## COLLECTED DATA:
-----

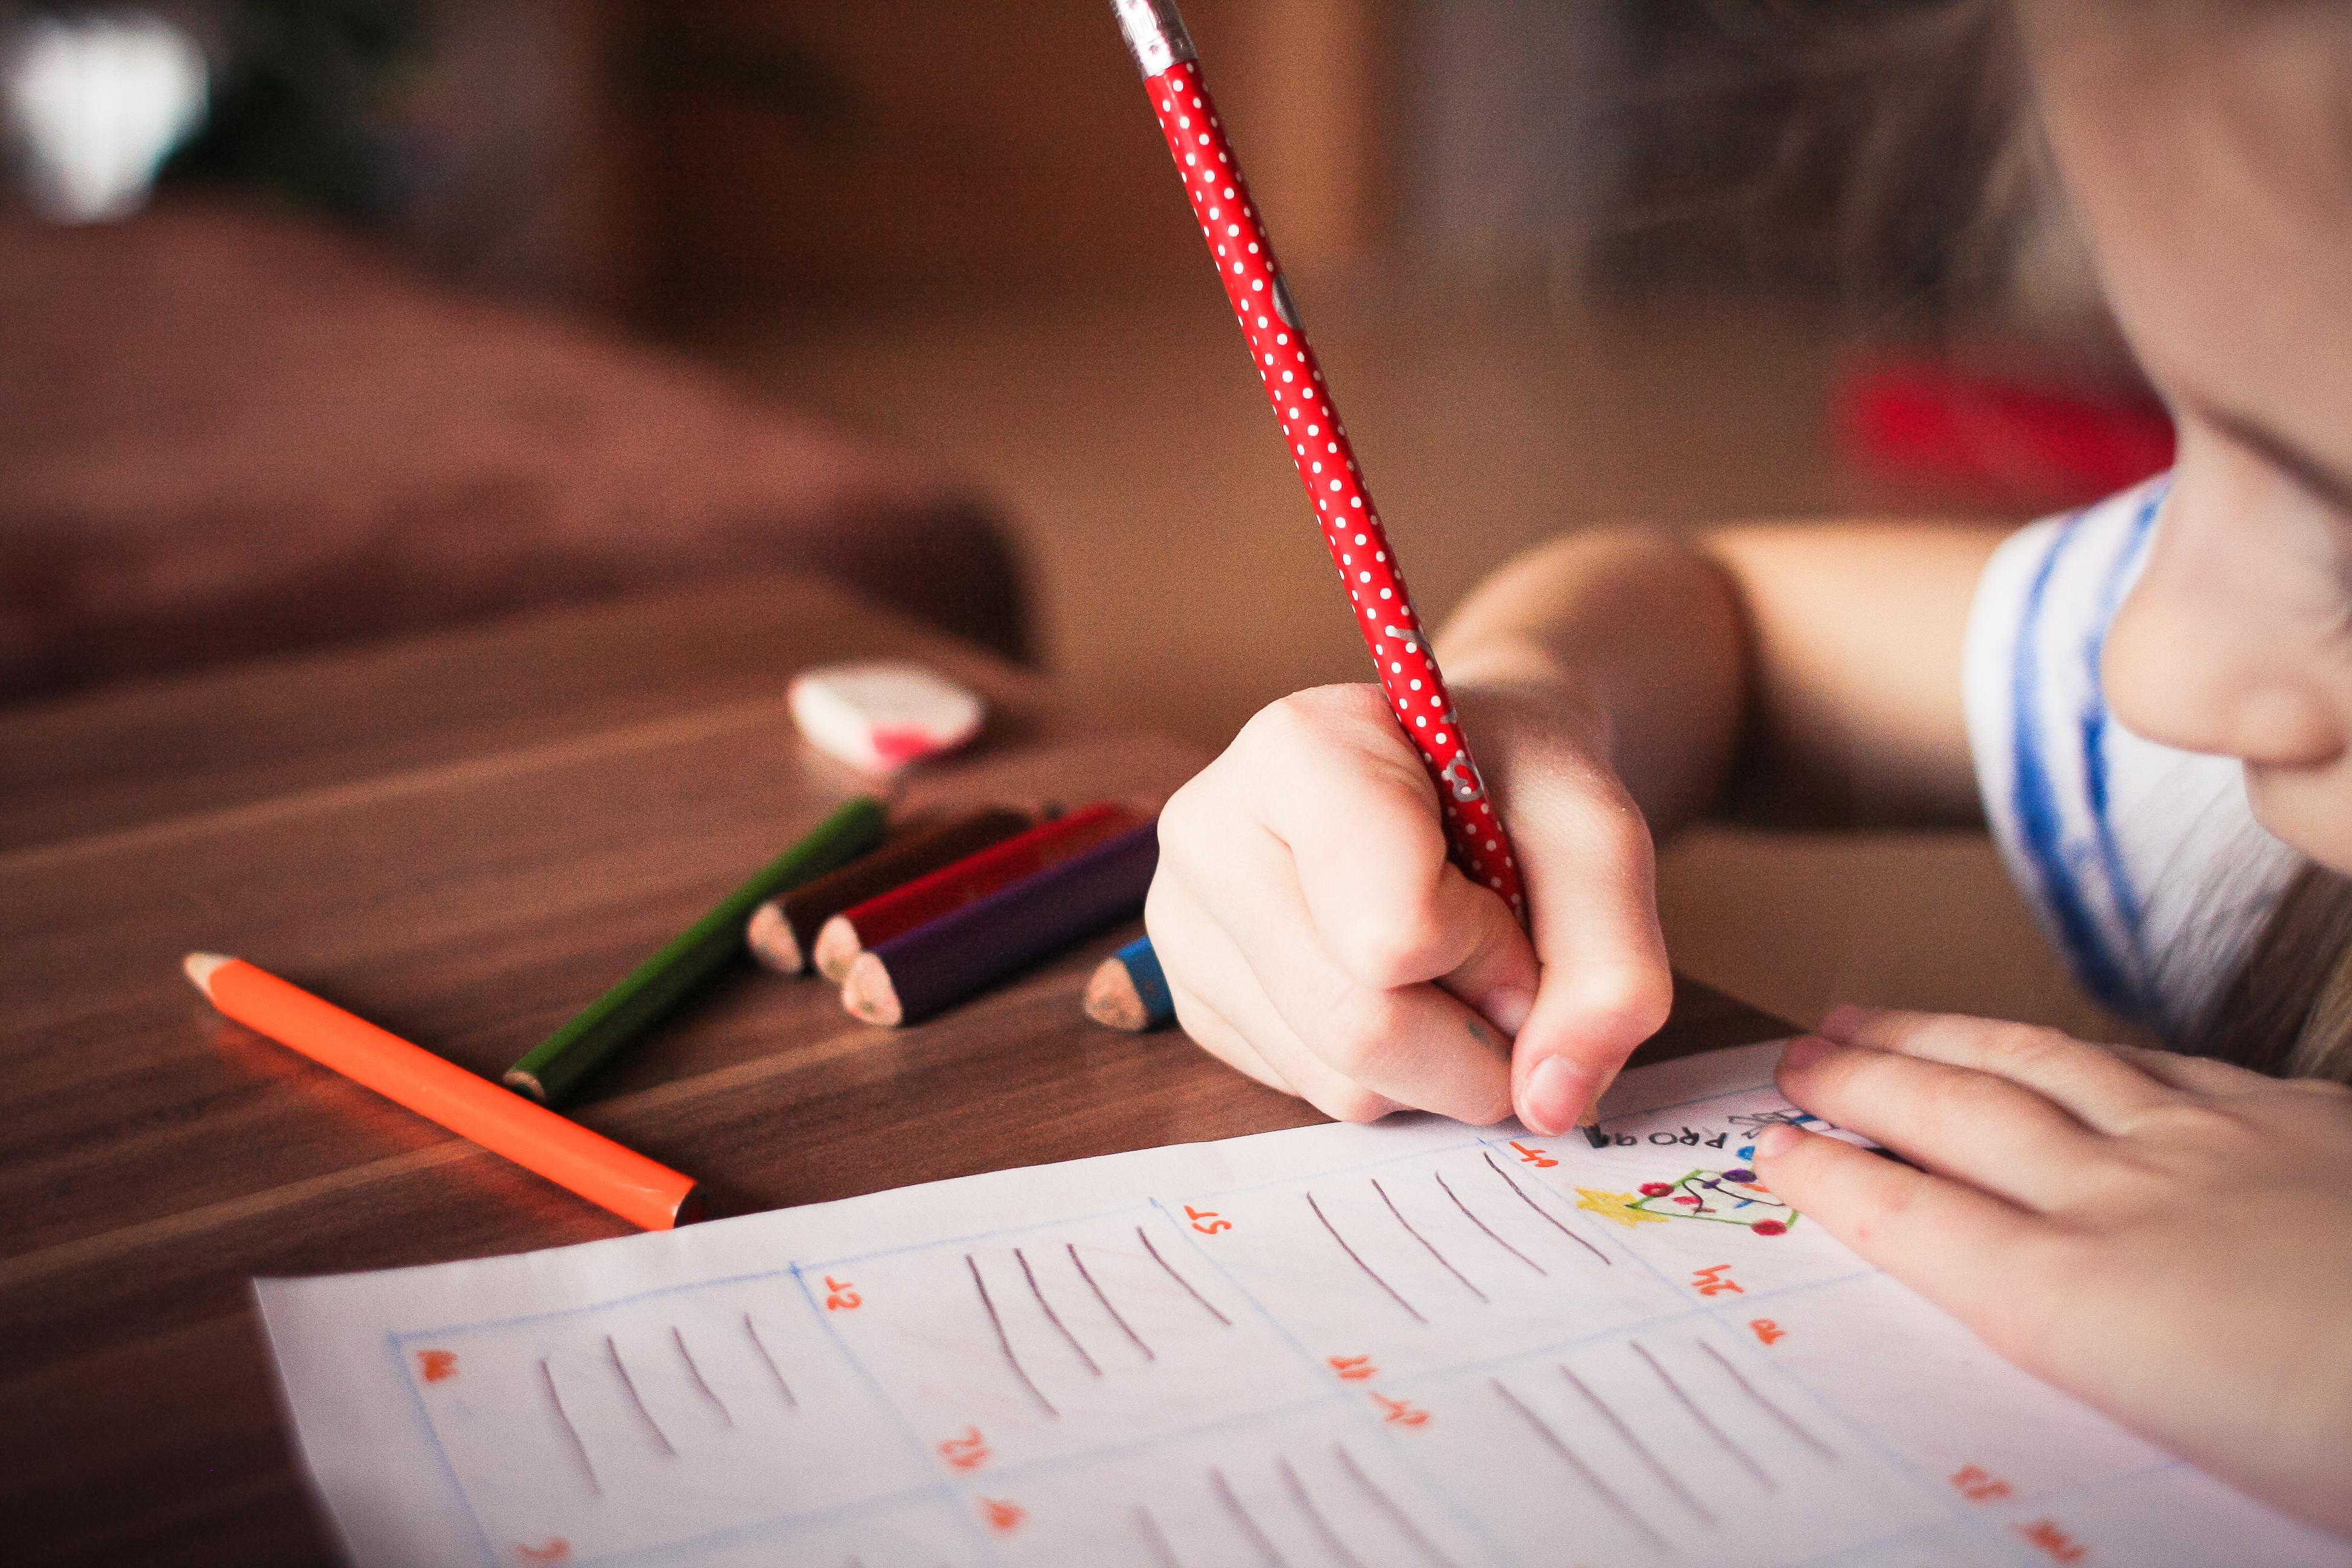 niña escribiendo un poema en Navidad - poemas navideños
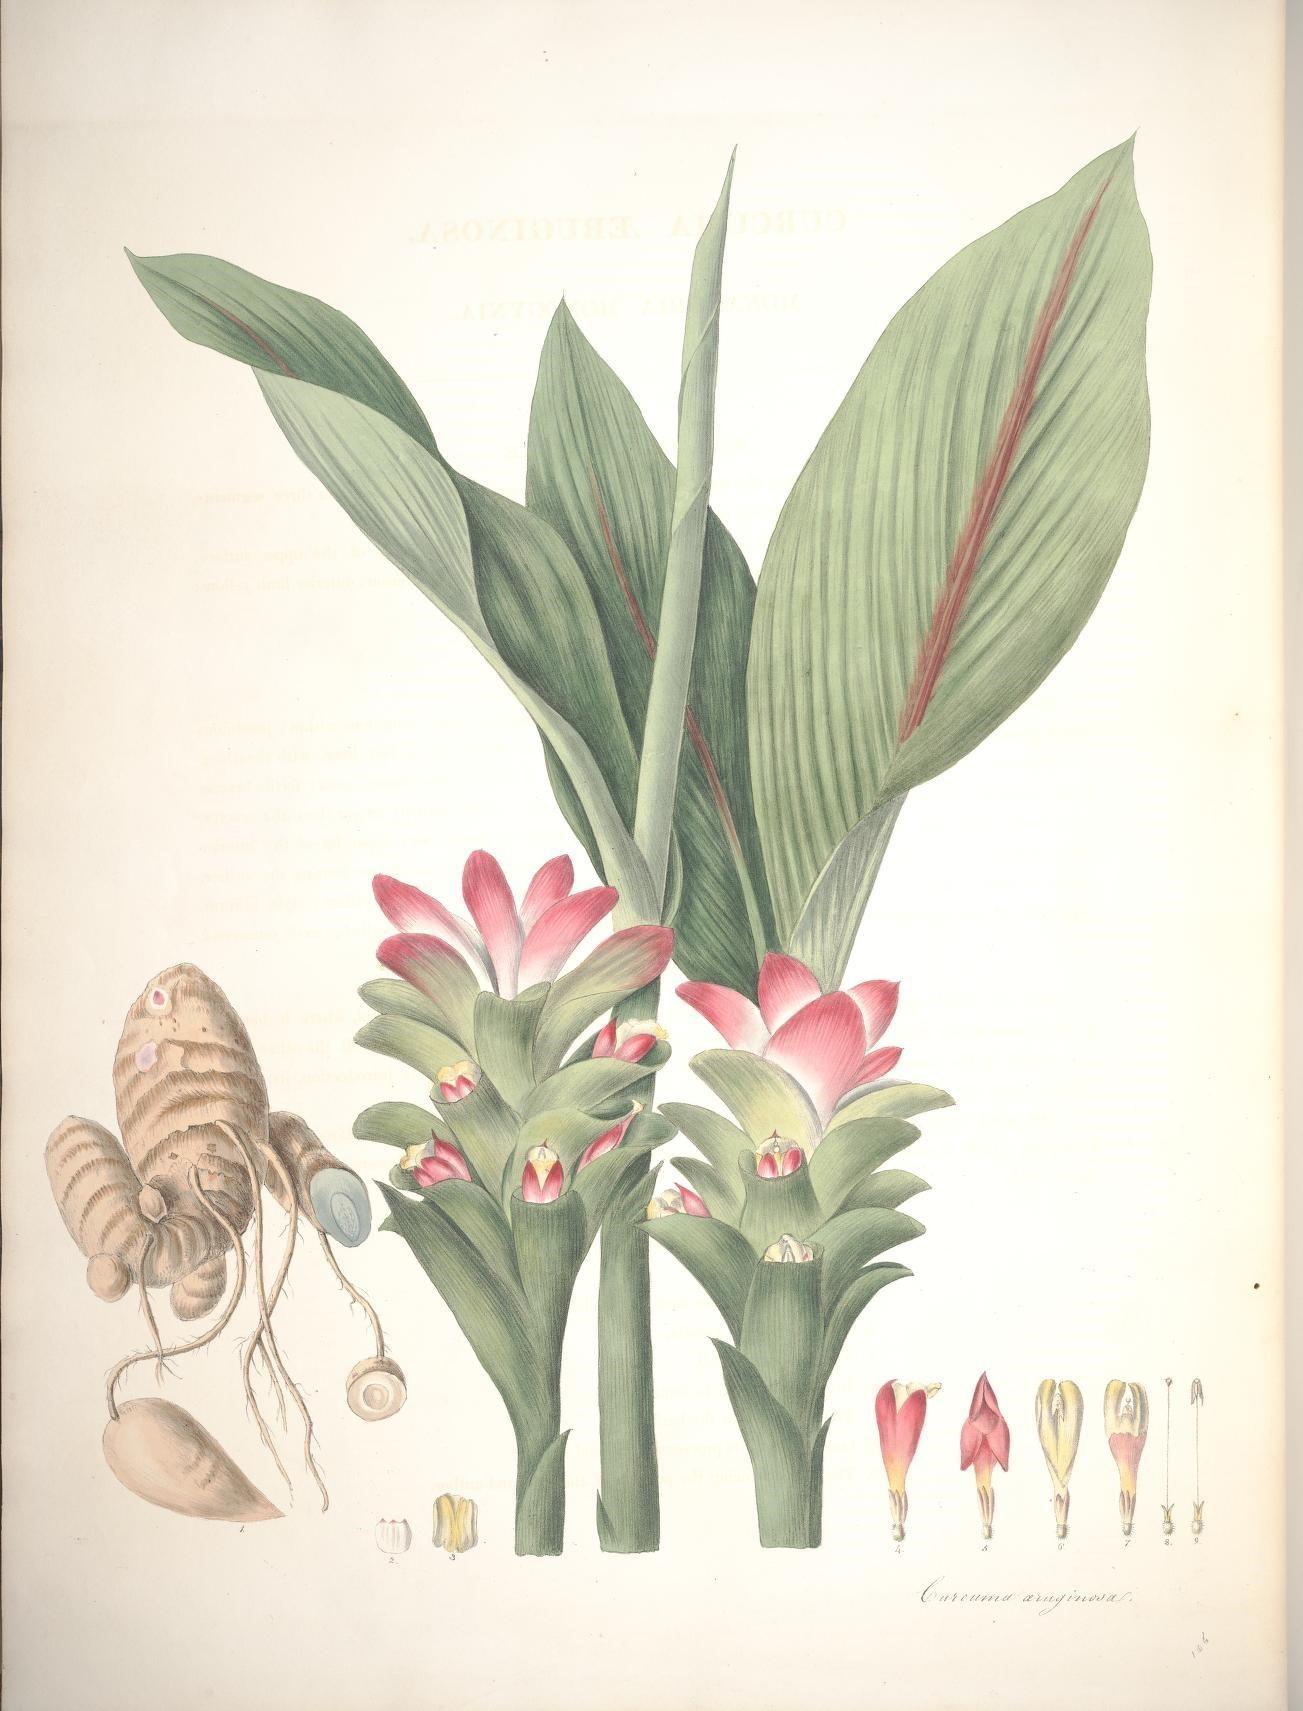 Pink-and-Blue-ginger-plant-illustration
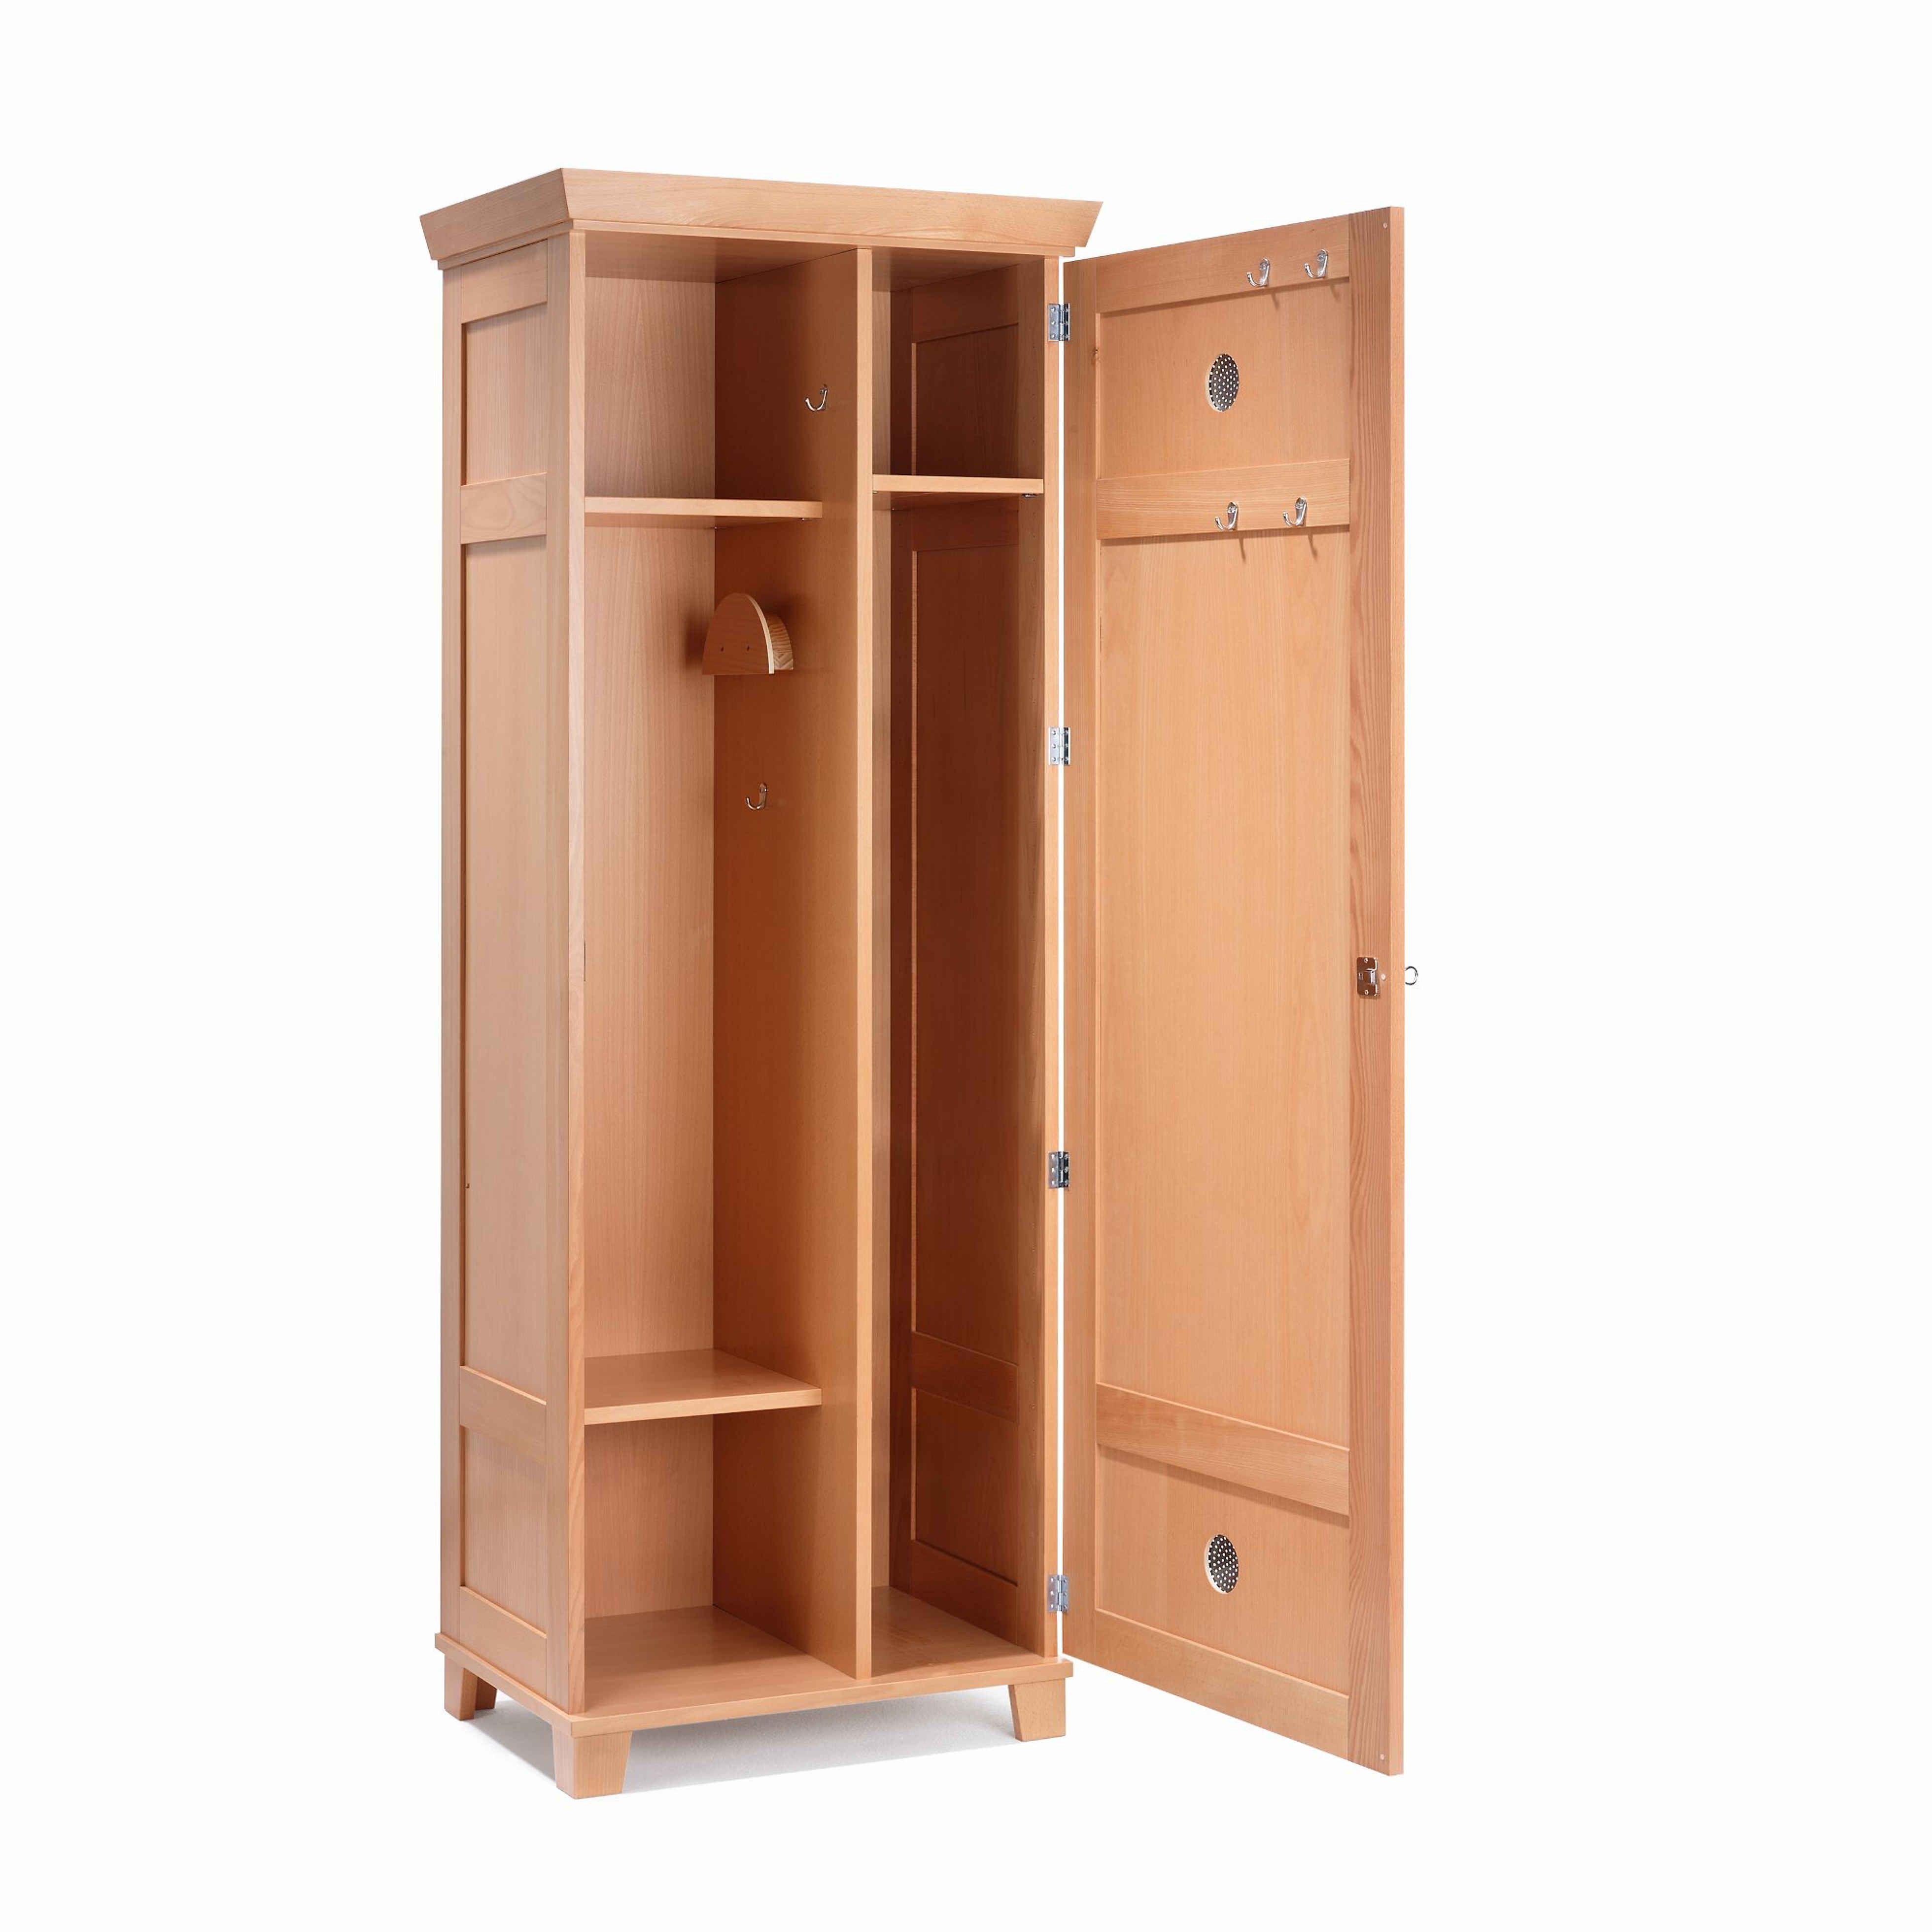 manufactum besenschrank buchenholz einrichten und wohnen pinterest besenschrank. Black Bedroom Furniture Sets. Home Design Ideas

-----

## WHAT YOU WILL DO:
Drop the pictures and copy the data exactly.

## RESPONSE BELOW:
 niña escribiendo un poema en Navidad - poemas navideños
 Pink-and-Blue-ginger-plant-illustration
 manufactum besenschrank buchenholz einrichten und wohnen pinterest besenschrank. Black Bedroom Furniture Sets. Home Design Ideas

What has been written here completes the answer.